- [Entries supplied]:
↓
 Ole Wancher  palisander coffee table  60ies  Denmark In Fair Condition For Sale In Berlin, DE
↑
↓
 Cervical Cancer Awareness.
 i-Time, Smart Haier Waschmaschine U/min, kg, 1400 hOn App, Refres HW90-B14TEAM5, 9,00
↑
↓
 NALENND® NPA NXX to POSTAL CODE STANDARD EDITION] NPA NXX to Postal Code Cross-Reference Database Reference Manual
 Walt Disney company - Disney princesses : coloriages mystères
↑
- [Your task]: The lines above from the one containing "Cervical Cancer Awareness." through the one containing "i-Time, Smart Haier" are to be set down exactly, and no others.

- [Reply]:
 Cervical Cancer Awareness.
 i-Time, Smart Haier Waschmaschine U/min, kg, 1400 hOn App, Refres HW90-B14TEAM5, 9,00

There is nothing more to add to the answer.